Disabling cores for single-threaded programs

Disable all but 1 core, so that the single core gets full L3 cache.

(Small nitpick) Placement new's slight inefficiency

Older versions of gcc (<7.1) and clang (<3.4) will compile placement new to include a null pointer check on the passed buffer. This is rectified by defining passing a null pointer into placement new as an undefined behaviour.

Small string optimization

• instruments.find({"IBM"}) - avoids allocation if string is <=15 chars for gcc >=5.1 and <=22 chars for clang
• However, allocation will be caused on systems with gcc >=5.1 if using an ABI compatible linux distro (e.g. RHEL/Centos/Ubuntu/Fedora)

(Small nitpick) Static local variable initialization

Static local variables has a guard variable to check whether it's initialized or not. Every reference to the static local variable will cause the guard variable to be checked.
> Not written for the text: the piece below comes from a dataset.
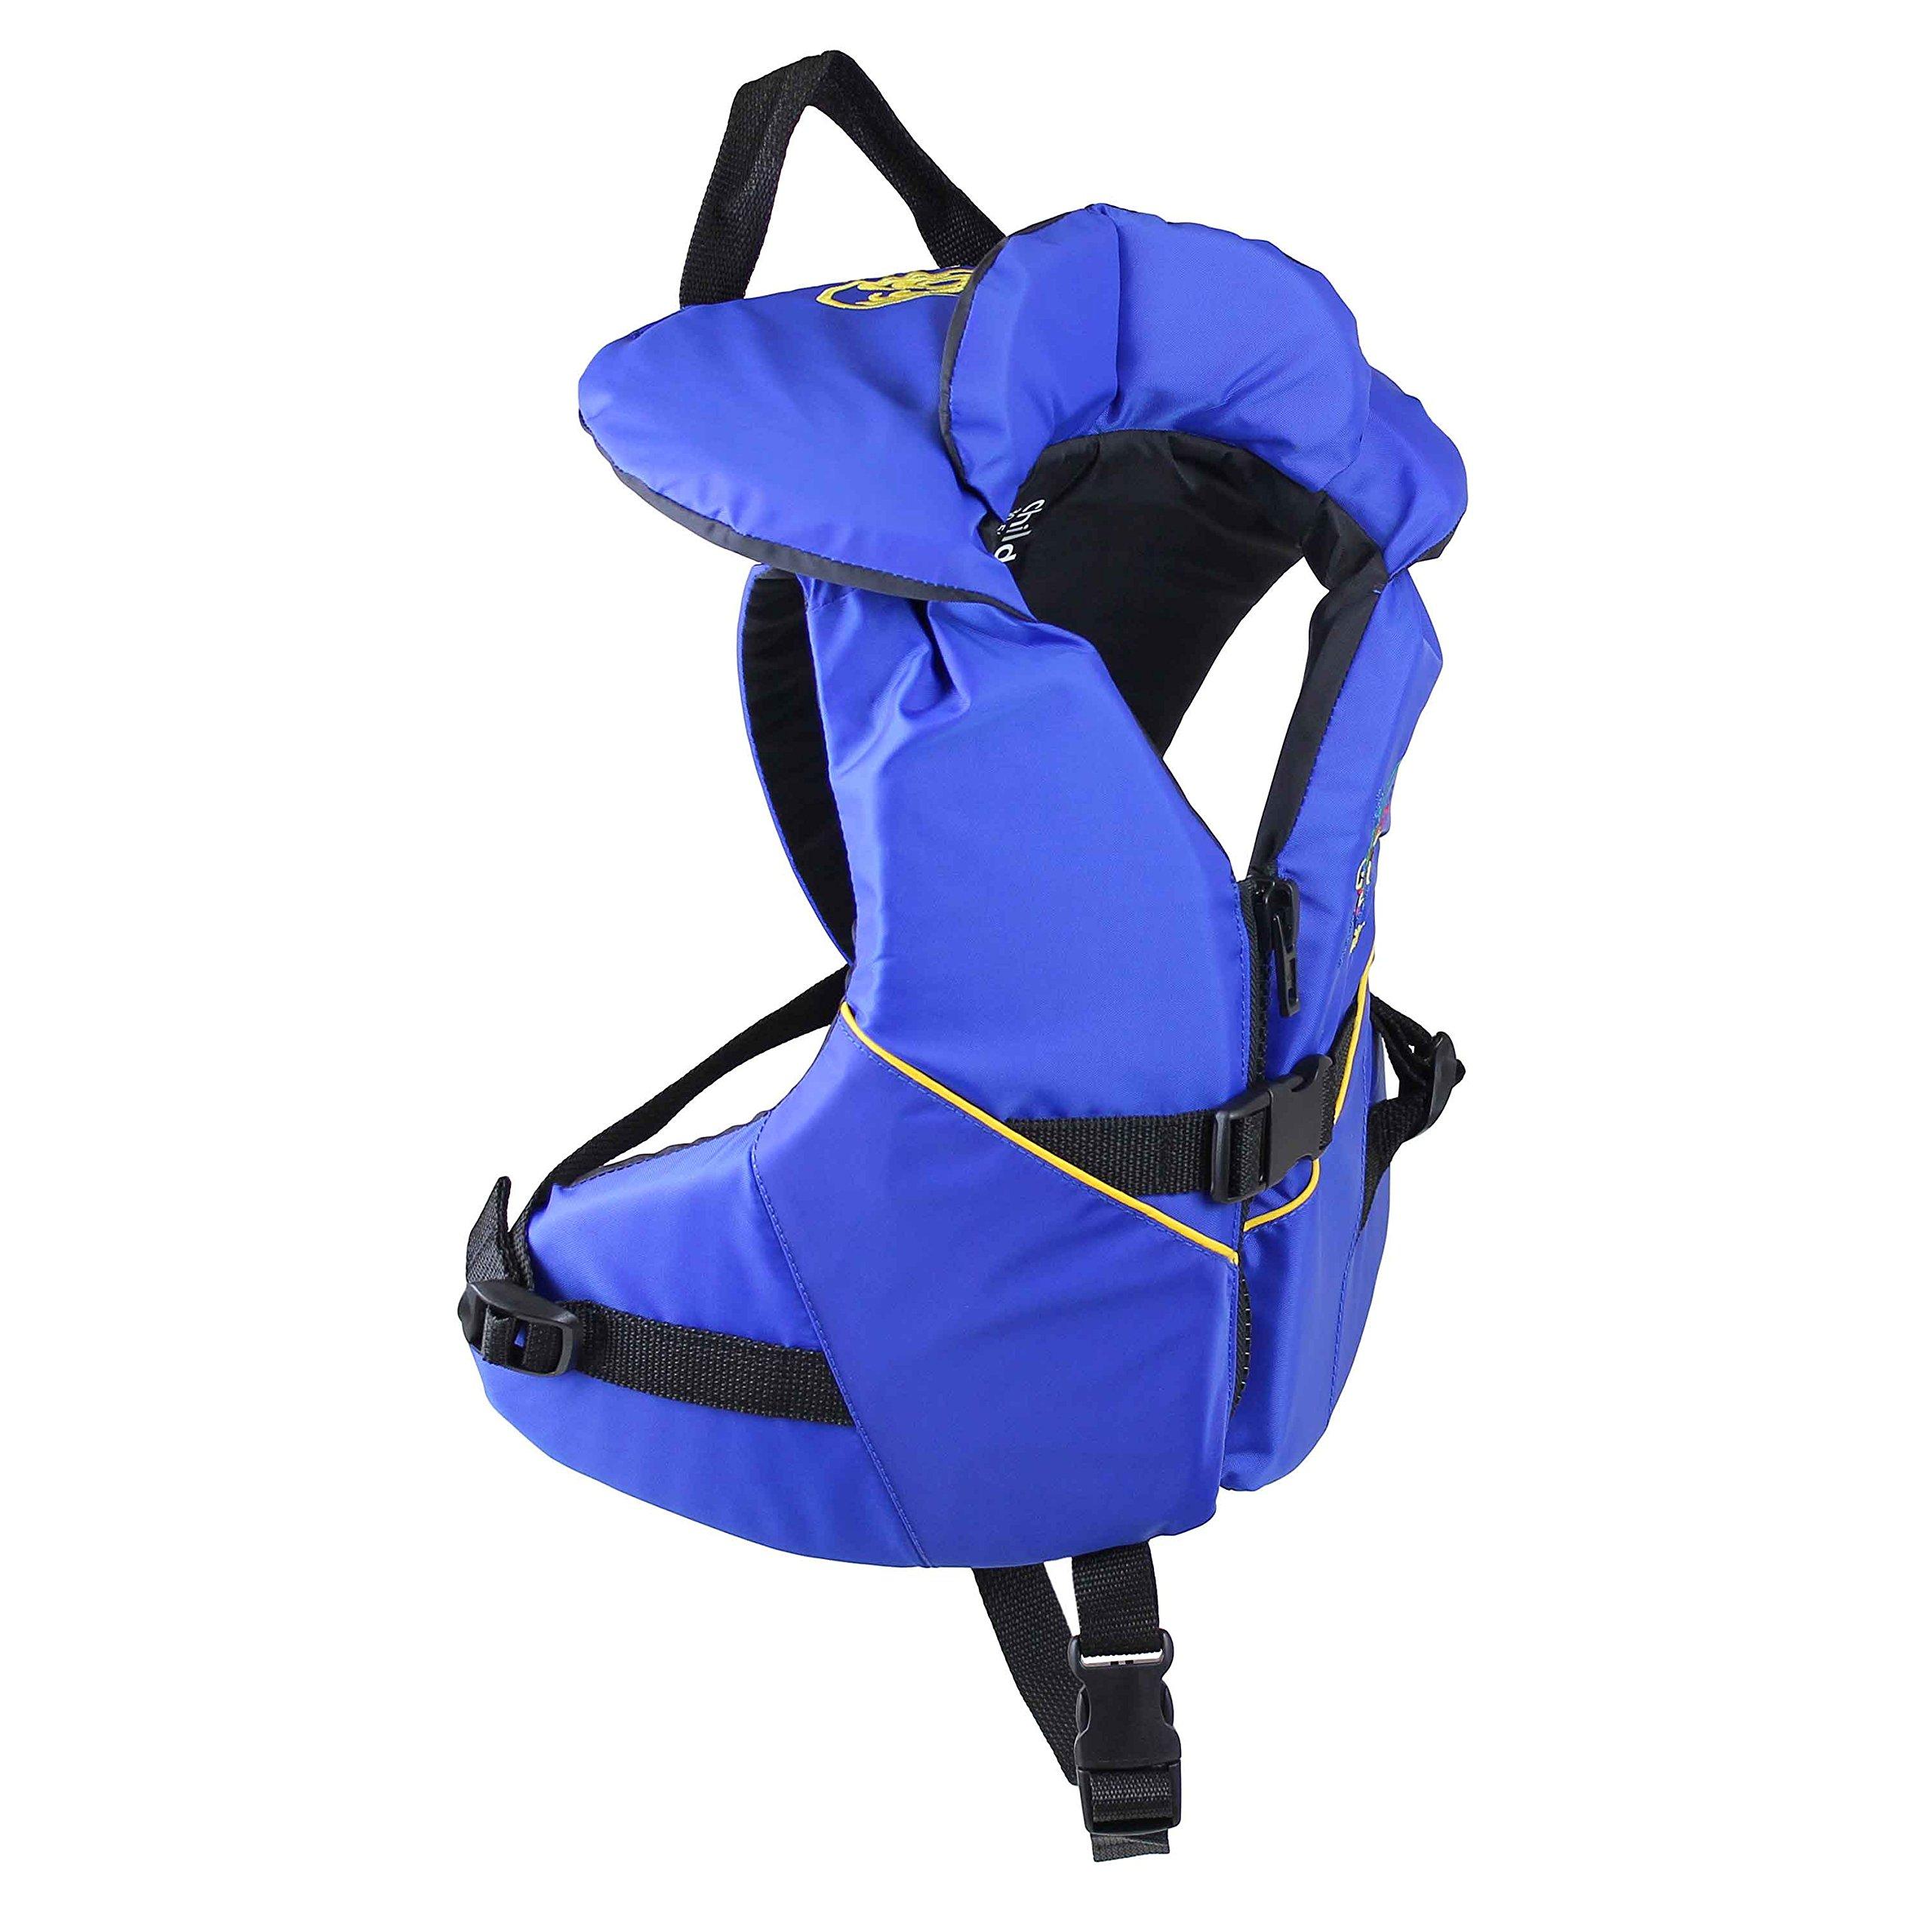 Stohlquist Child PFD 30-50 lbs, Blue/Black

(Small nitpick) std::function may allocate

gcc may not optimize std::function that does nothing, check ASM to verify.

std::pow can be slow.

std::pow is transcedental, will fallback to a slower phase if accuracy of the result is not acceptable after the first faster phase.

Measurement of low latency systems (wooo CS5239)

• Profiling: examine what the code does and find bottlenecks.
  • Sampling profilers (e.g. gprof): misses key events because most of the time trading software does nothing
  • Instrumentation profilers (e.g. valgrind): basically a virtual machine that simulates a CPU, does not give accurate I/O results, too intrusive.
• Benchmarking: timing the speed of a system with specified inputs.
  • Microbenchmarks (.e.g Google benchmark): not representative of a realistic environment

Best measurement: setup a benchmarking system that emulates production as much as possible.

• e.g. have a server replay market data like an exchange server, have the data be fed to the server running the software to be benched. Have a switch that taps into the network and record all the packets that are passed.
• Very hard to get a setup that is as close as possible to production.